** What is required **
A faithful copy of the data is the goal; set it down exactly, without the images.

[Raw data Boundary: Start]

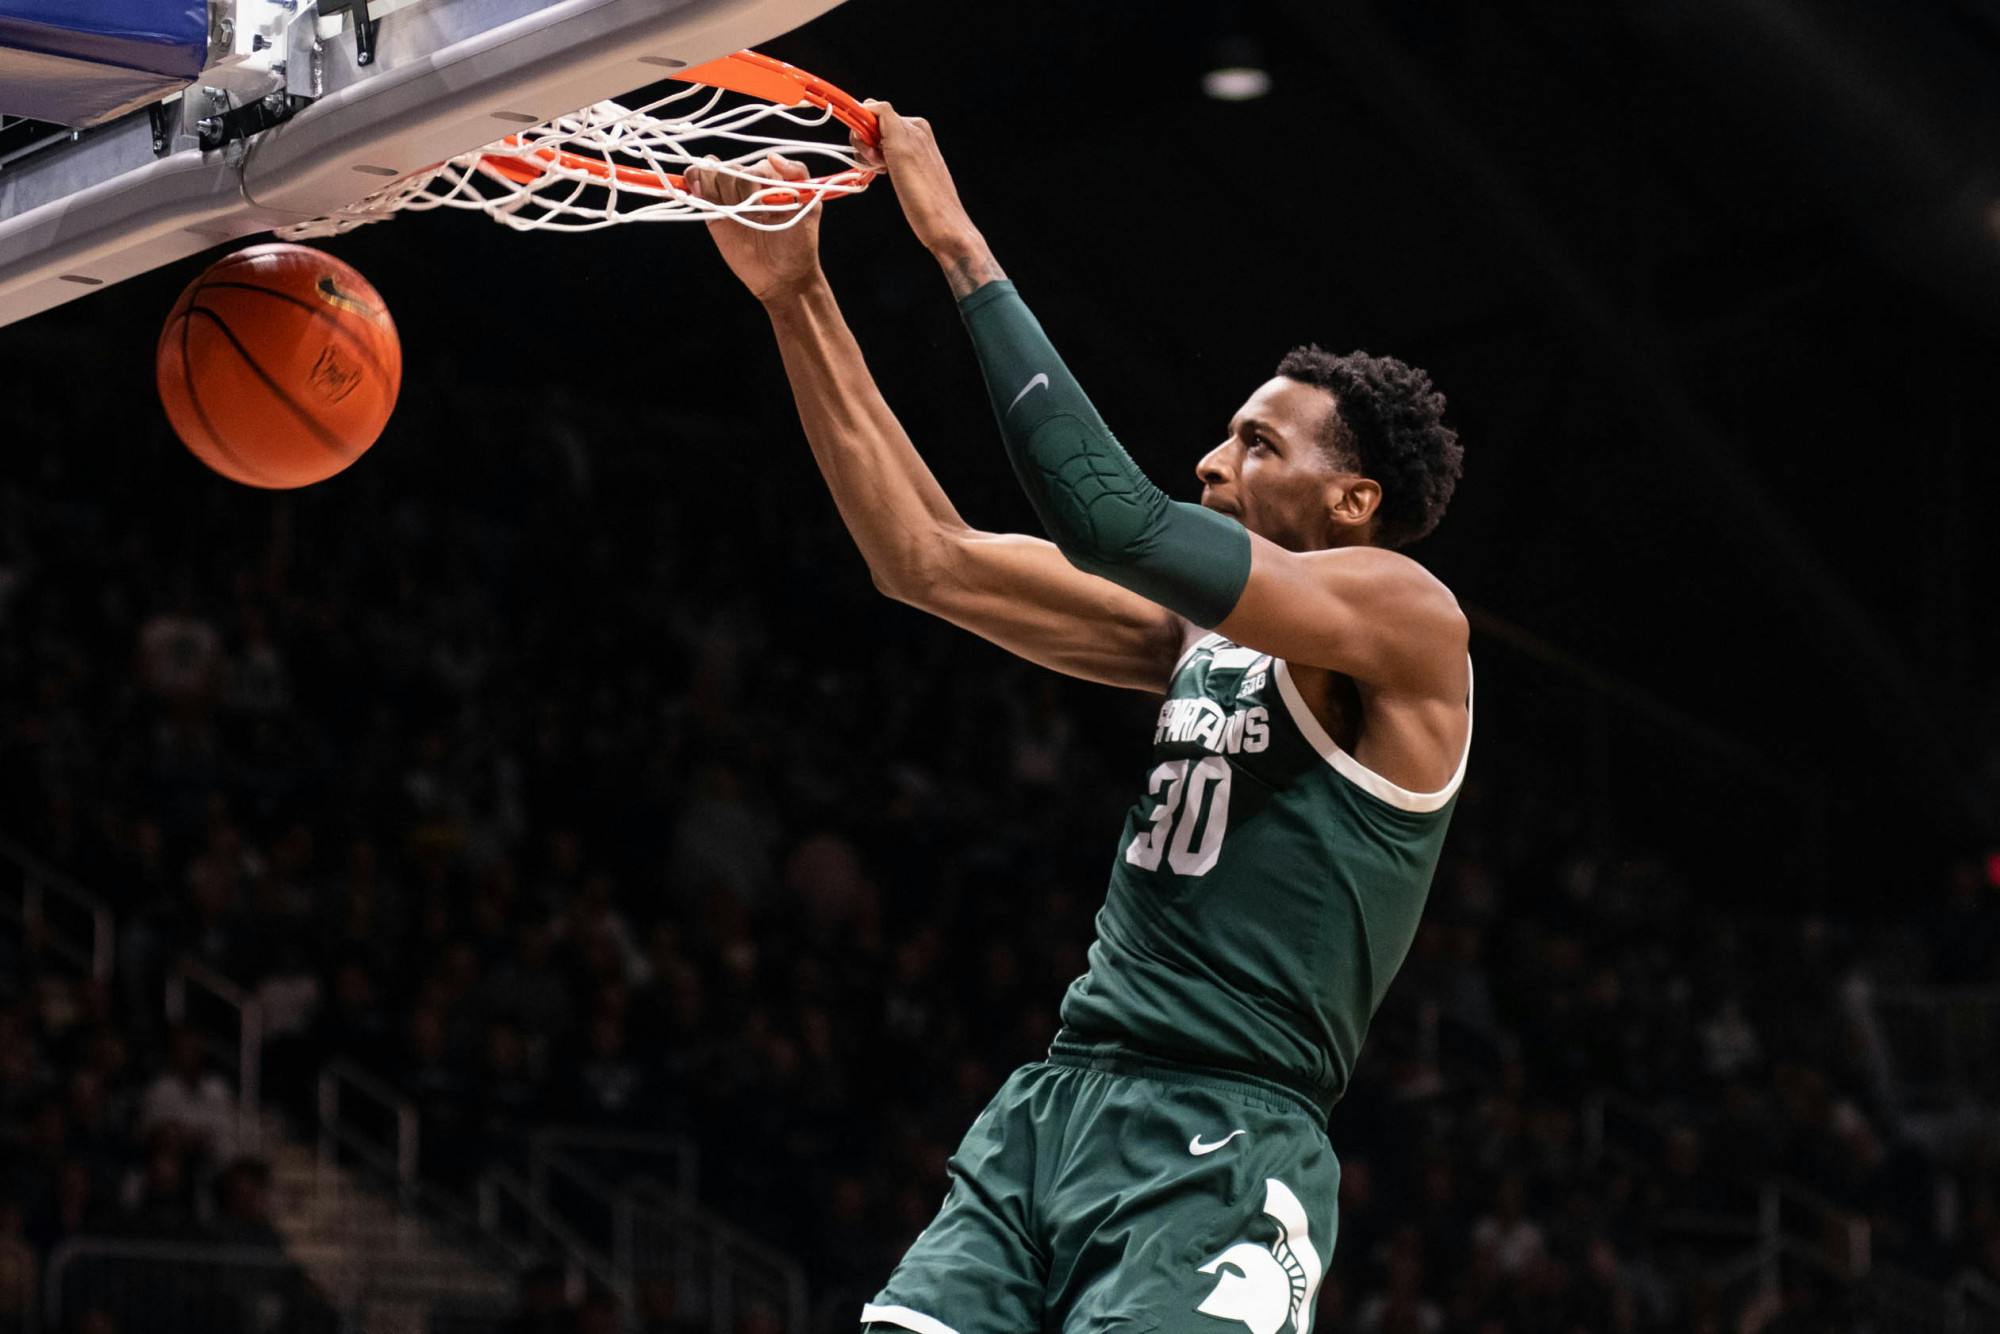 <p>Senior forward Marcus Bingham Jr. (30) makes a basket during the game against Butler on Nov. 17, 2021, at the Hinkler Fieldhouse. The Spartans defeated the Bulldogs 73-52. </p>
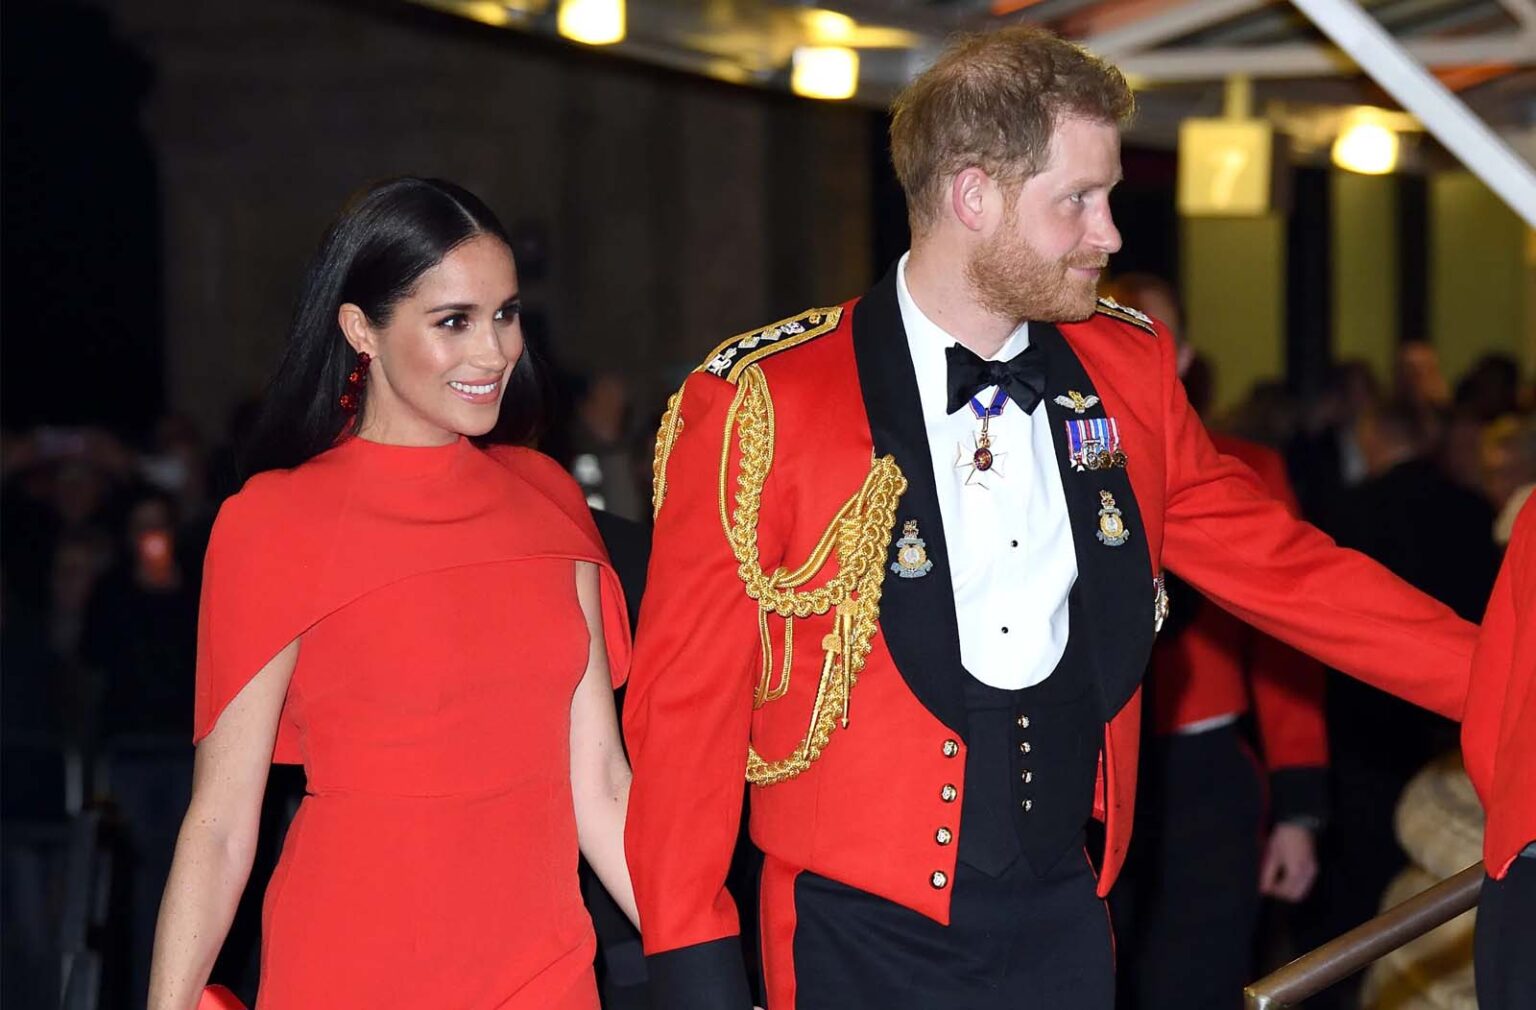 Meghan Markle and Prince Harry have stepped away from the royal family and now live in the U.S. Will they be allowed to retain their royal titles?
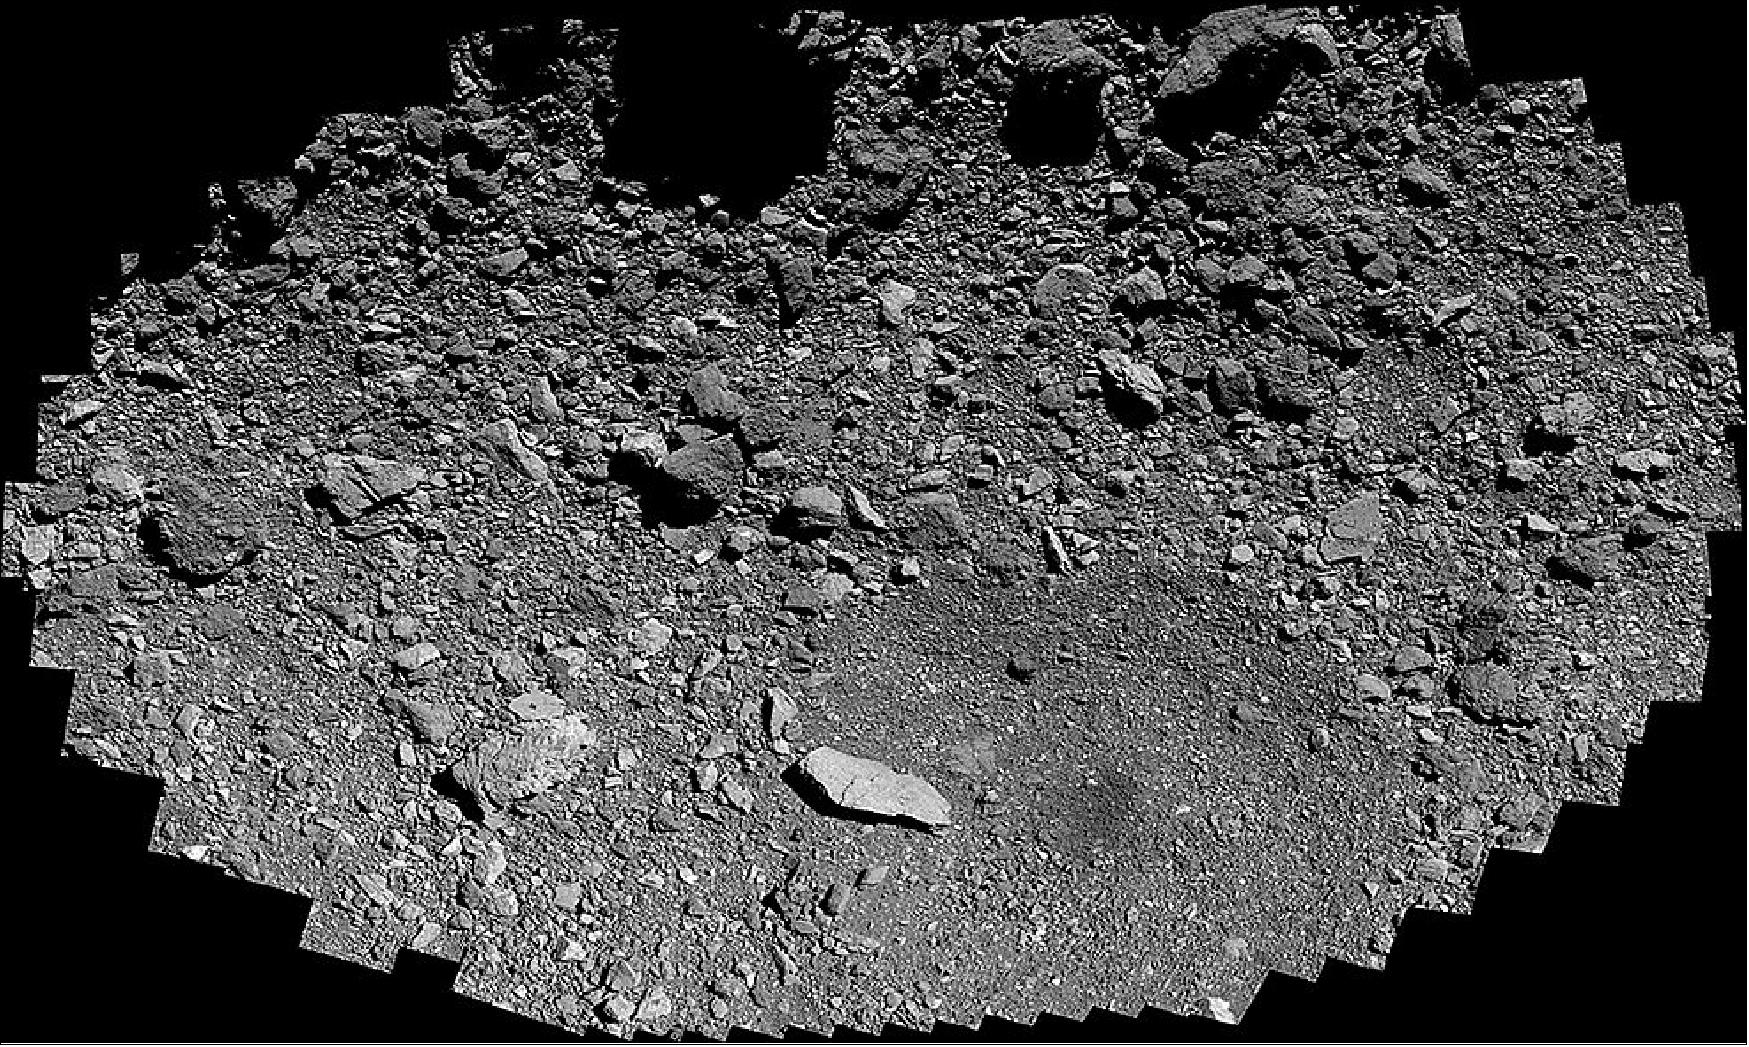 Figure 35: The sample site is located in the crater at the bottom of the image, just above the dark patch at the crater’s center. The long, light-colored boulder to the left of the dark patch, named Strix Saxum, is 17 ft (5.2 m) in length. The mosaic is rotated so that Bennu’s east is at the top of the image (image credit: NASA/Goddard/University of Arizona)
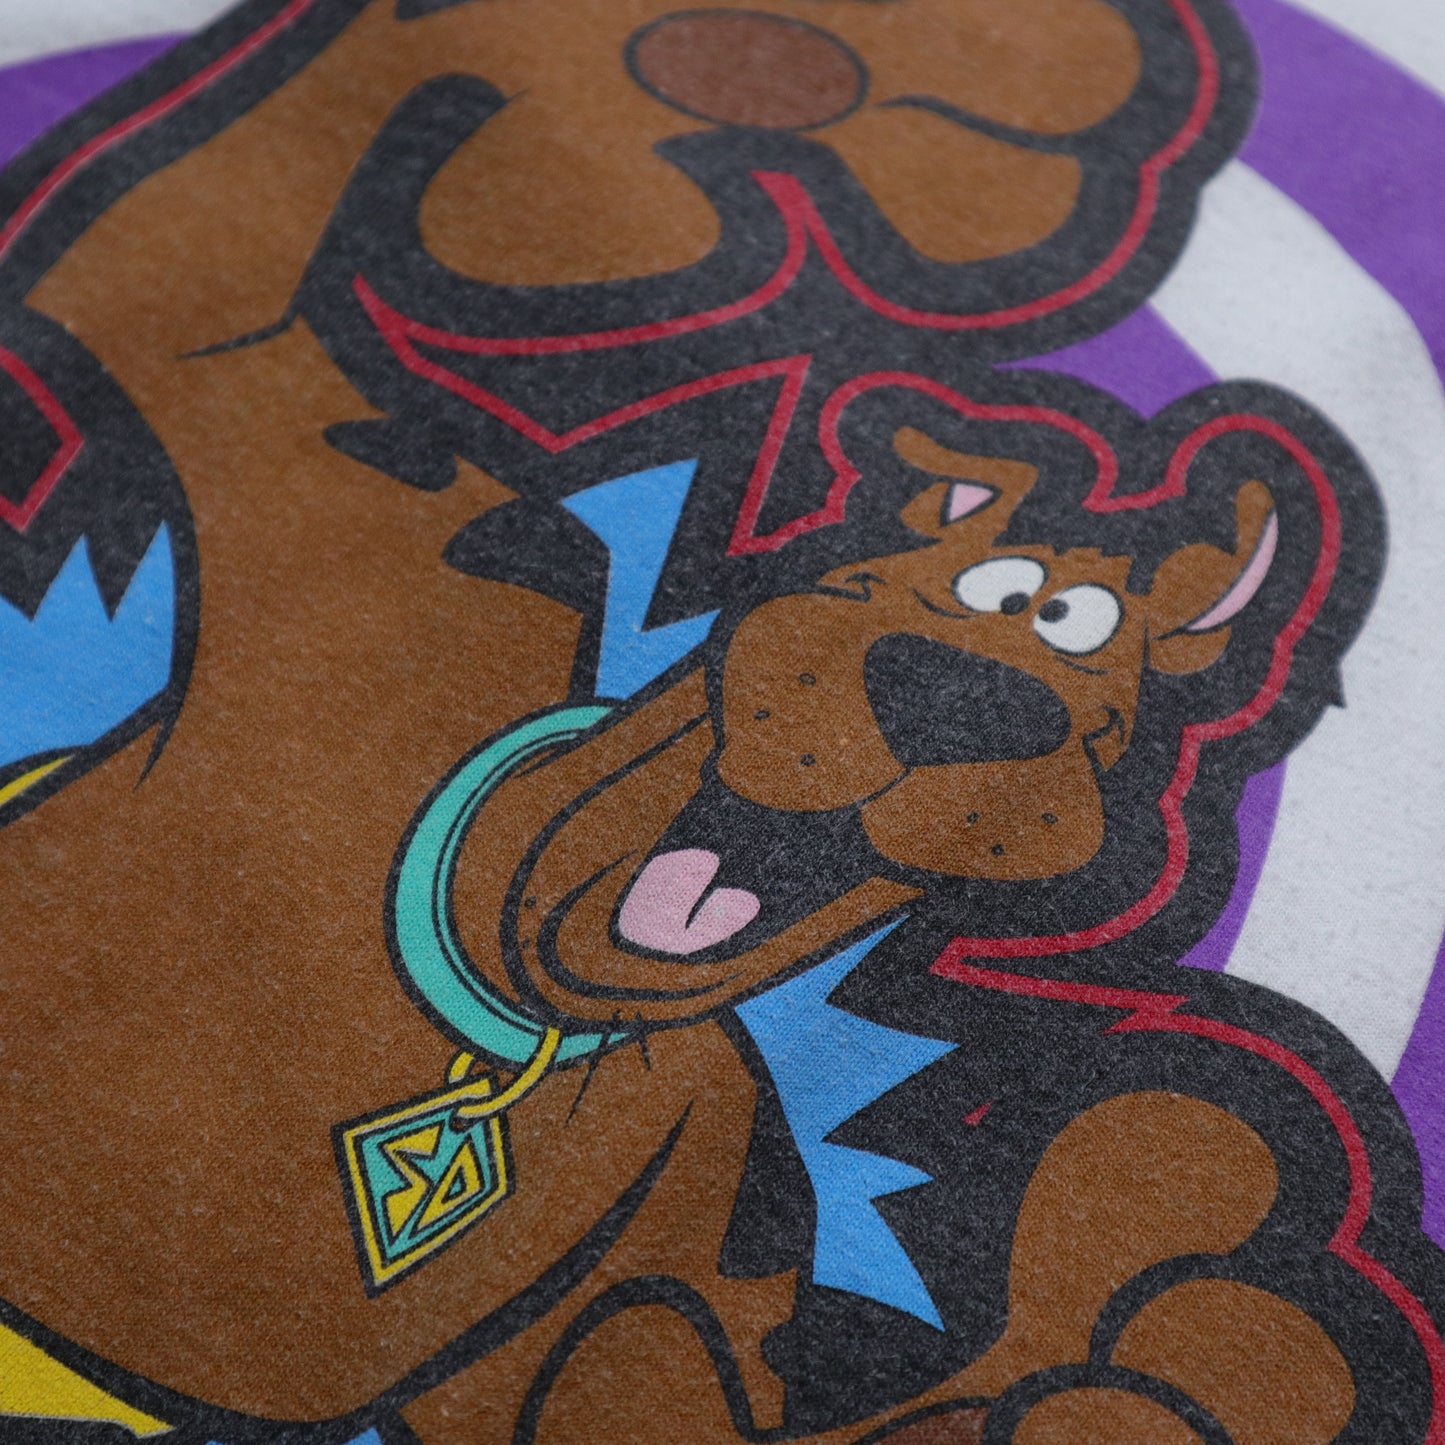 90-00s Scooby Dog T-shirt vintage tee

[Raw data Boundary: End]

** Written solution **
 <p>Senior forward Marcus Bingham Jr. (30) makes a basket during the game against Butler on Nov. 17, 2021, at the Hinkler Fieldhouse. The Spartans defeated the Bulldogs 73-52. </p>
 Meghan Markle and Prince Harry have stepped away from the royal family and now live in the U.S. Will they be allowed to retain their royal titles?
 Figure 35: The sample site is located in the crater at the bottom of the image, just above the dark patch at the crater’s center. The long, light-colored boulder to the left of the dark patch, named Strix Saxum, is 17 ft (5.2 m) in length. The mosaic is rotated so that Bennu’s east is at the top of the image (image credit: NASA/Goddard/University of Arizona)
 90-00s Scooby Dog T-shirt vintage tee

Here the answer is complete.